[Dataset excerpts]
****

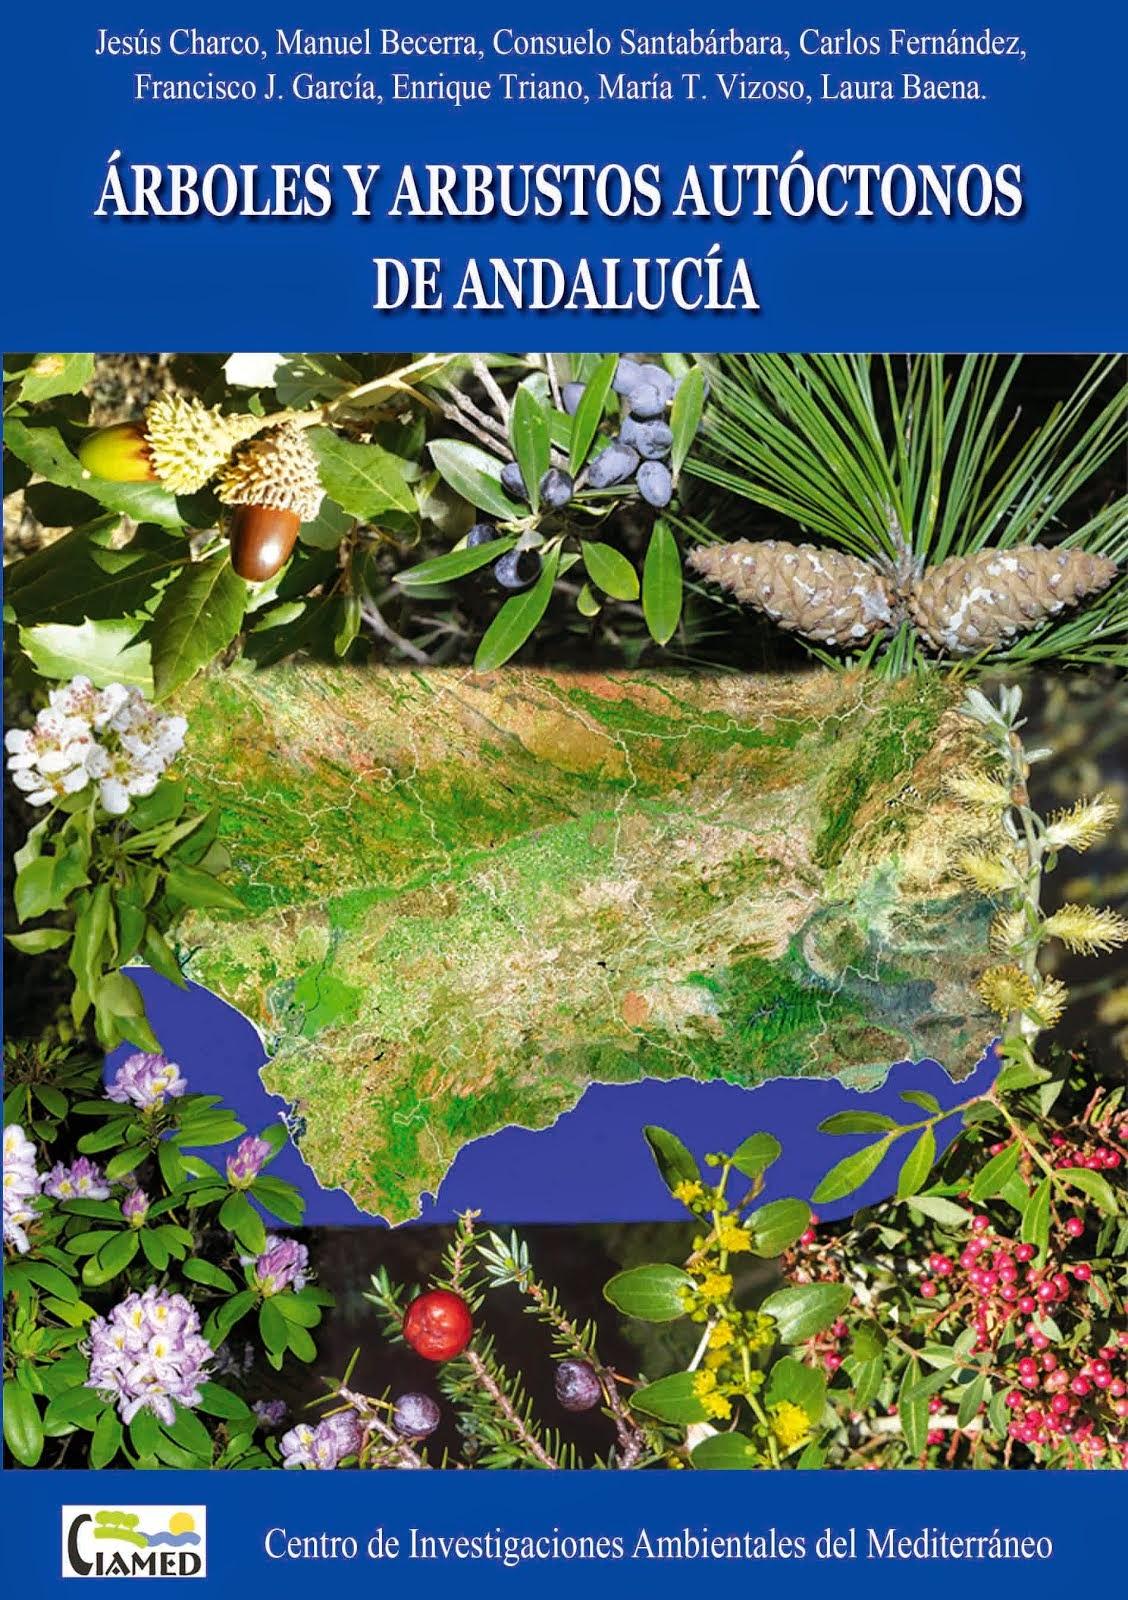 Arboles y arbustos autóctonos de Andalucía
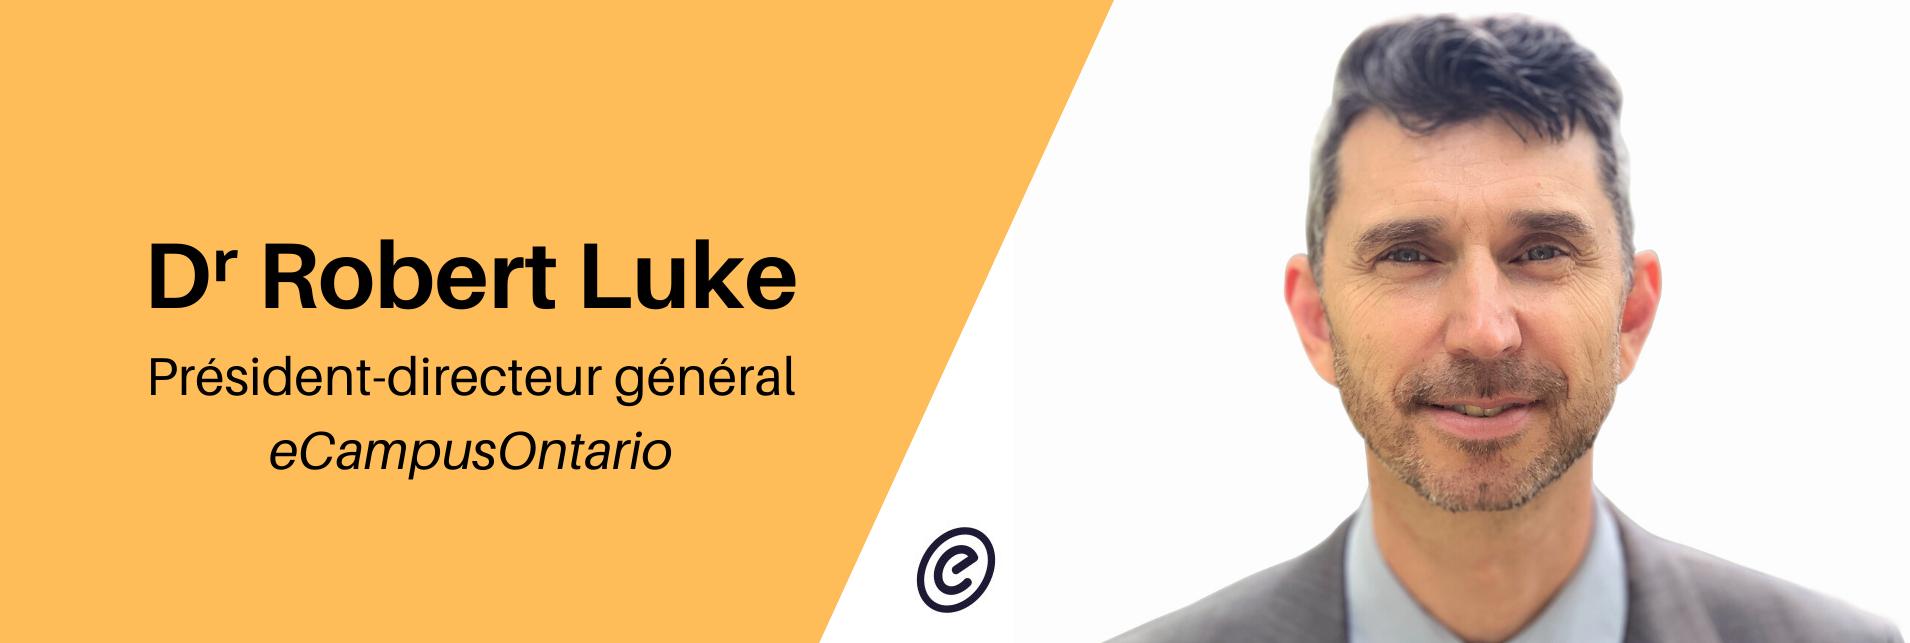 Dr. Robert Luke
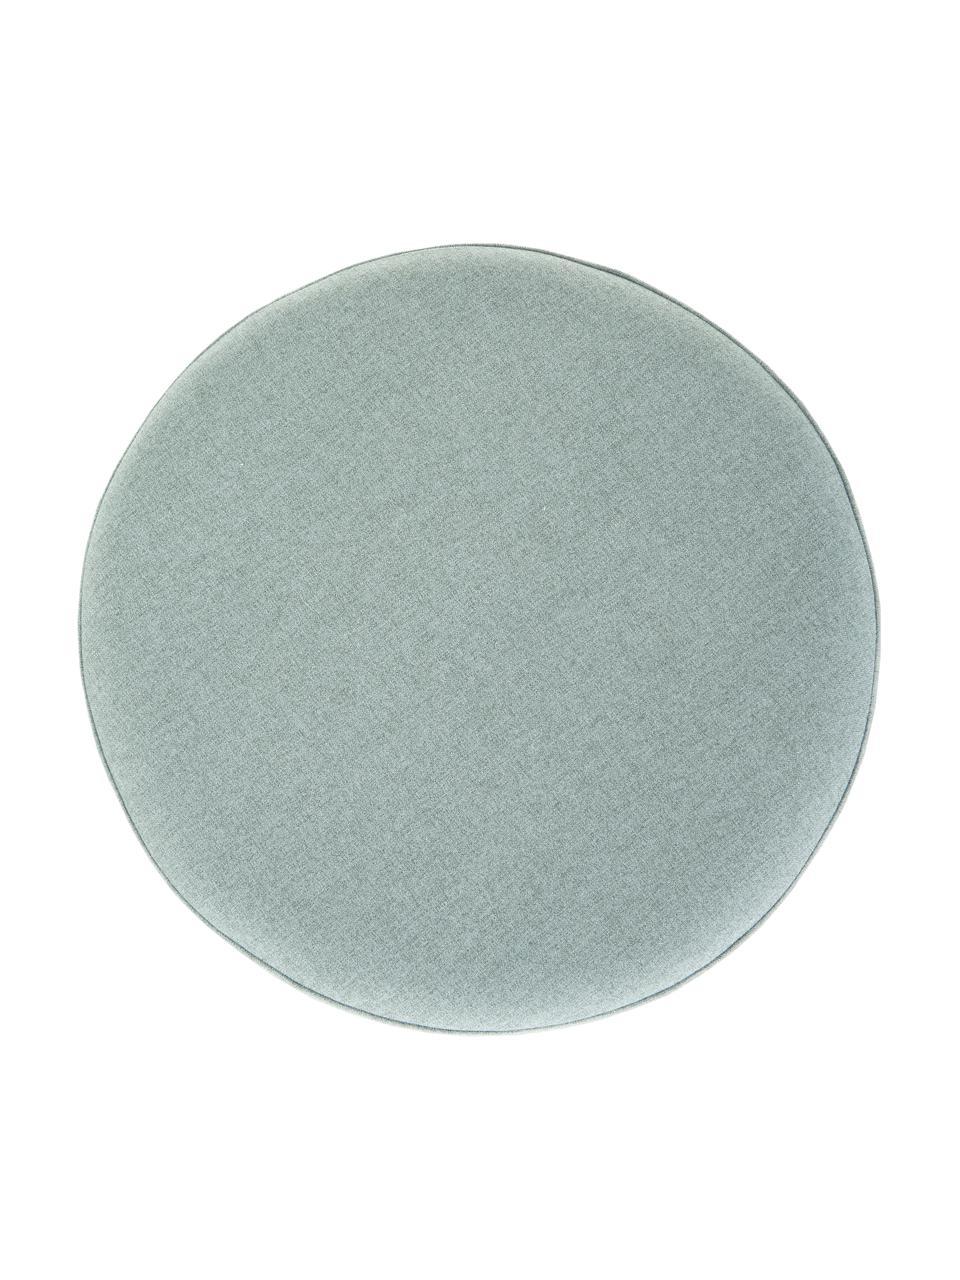 Pouf blu verde Daisy, Rivestimento: 100% poliestere Il rivest, Struttura: compensato, Blu, Ø 38 x Alt. 45 cm
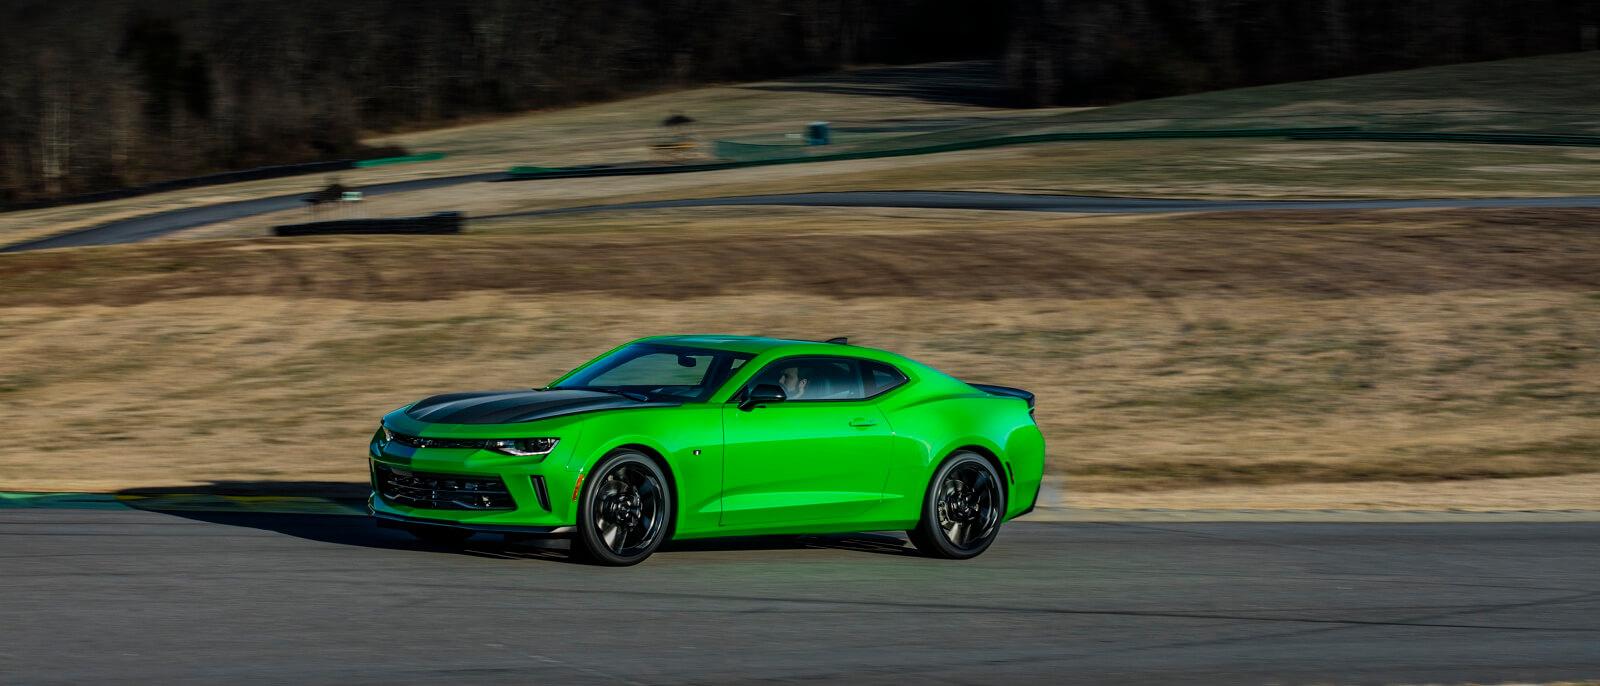 2017 Chevrolet Camaro green exterior
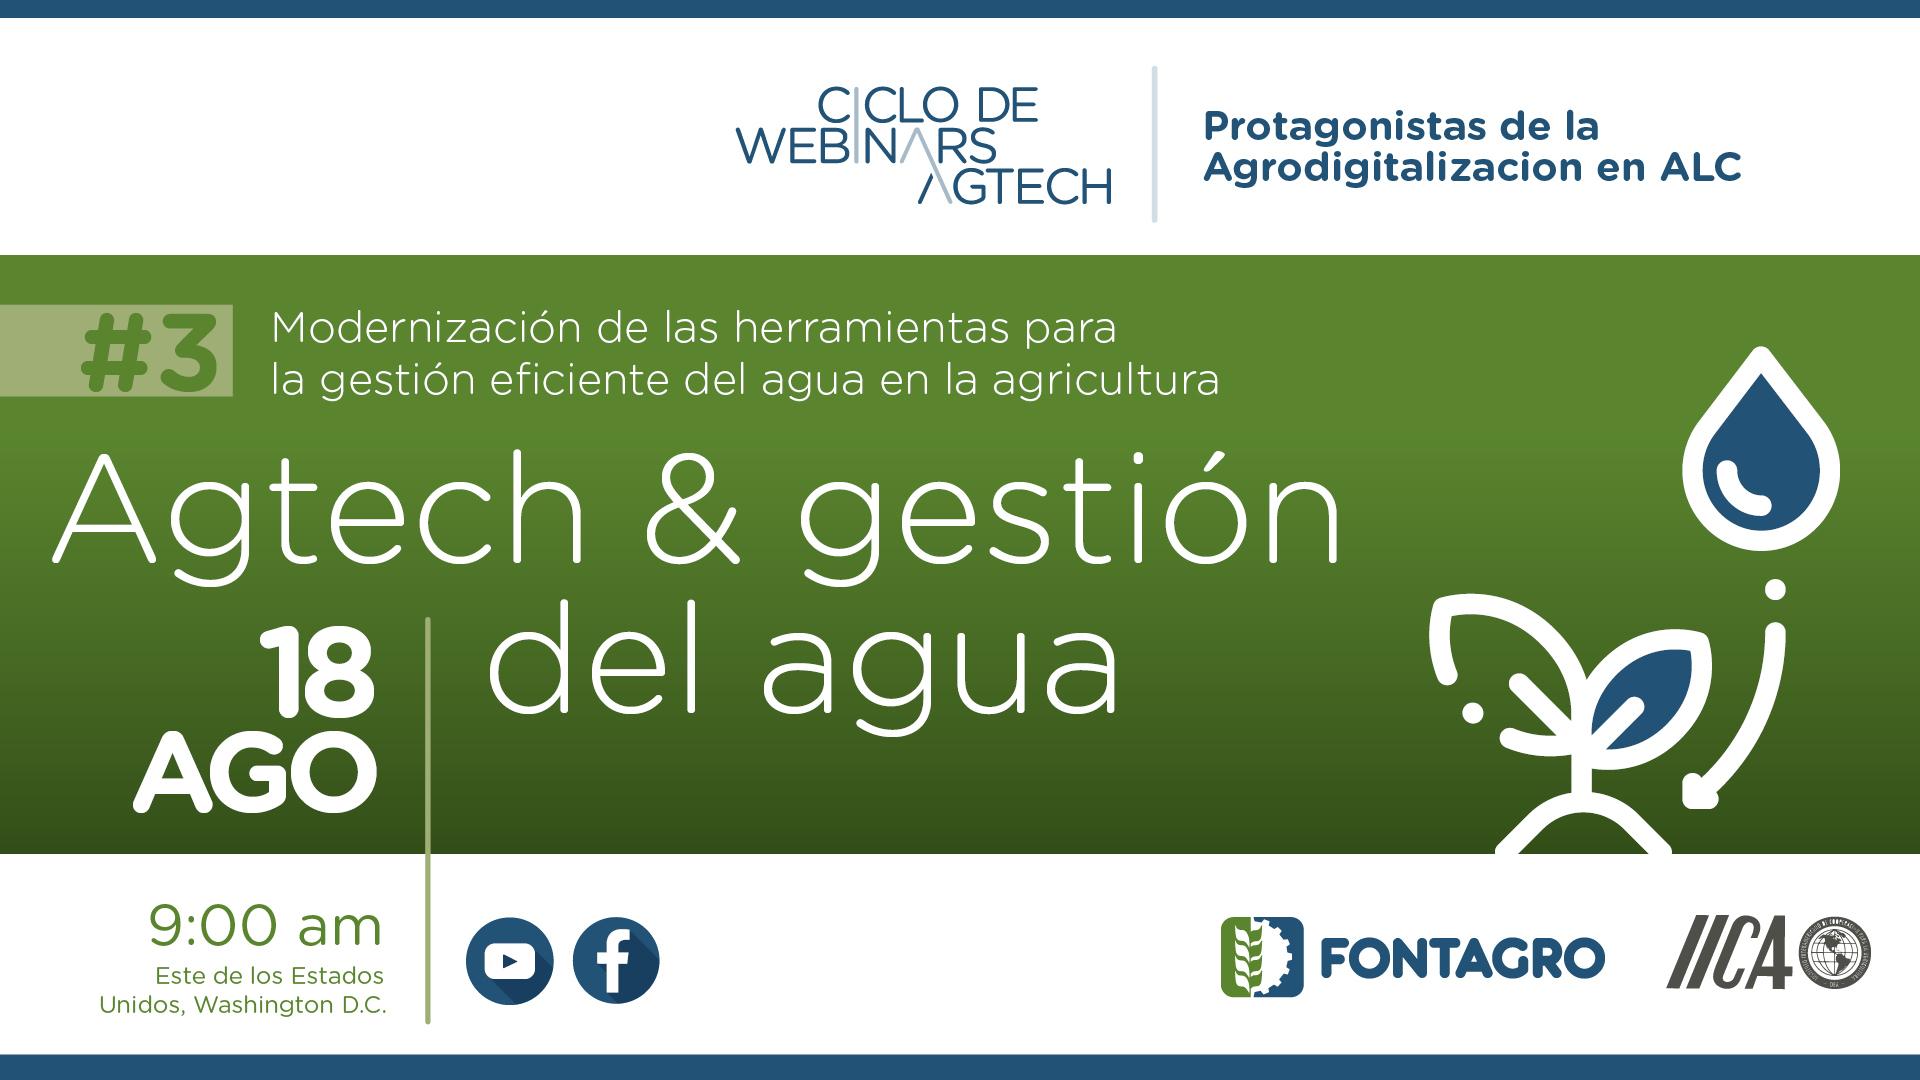 Webinar FONTAGRO – IICA:  Instituciones iberoamericanas presentaron herramientas tecnológicas para abordar desafíos del cambio climático en eficiencia hídrica
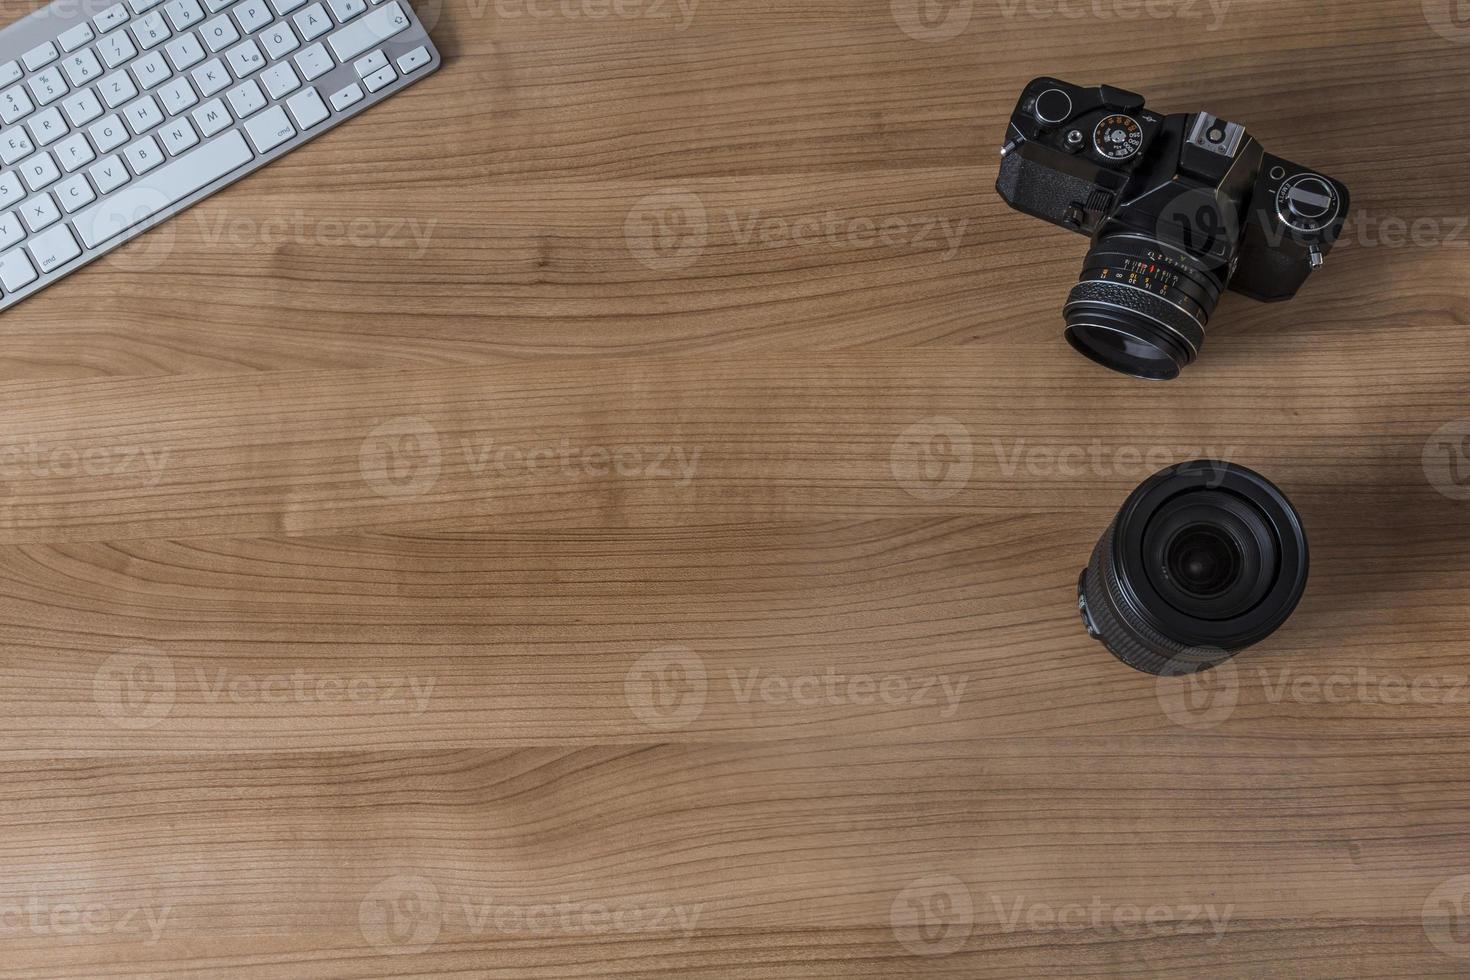 escritorio con teclado y cámara modernos foto

****

What this task involves:
Provide an exact copy of the records, excluding every picture.

The completed task:
 Arboles y arbustos autóctonos de Andalucía
 Dr. Robert Luke
 Pouf blu verde Daisy, Rivestimento: 100% poliestere Il rivest, Struttura: compensato, Blu, Ø 38 x Alt. 45 cm
 2017 Chevrolet Camaro green exterior
 Webinar FONTAGRO – IICA:  Instituciones iberoamericanas presentaron herramientas tecnológicas para abordar desafíos del cambio climático en eficiencia hídrica
 escritorio con teclado y cámara modernos foto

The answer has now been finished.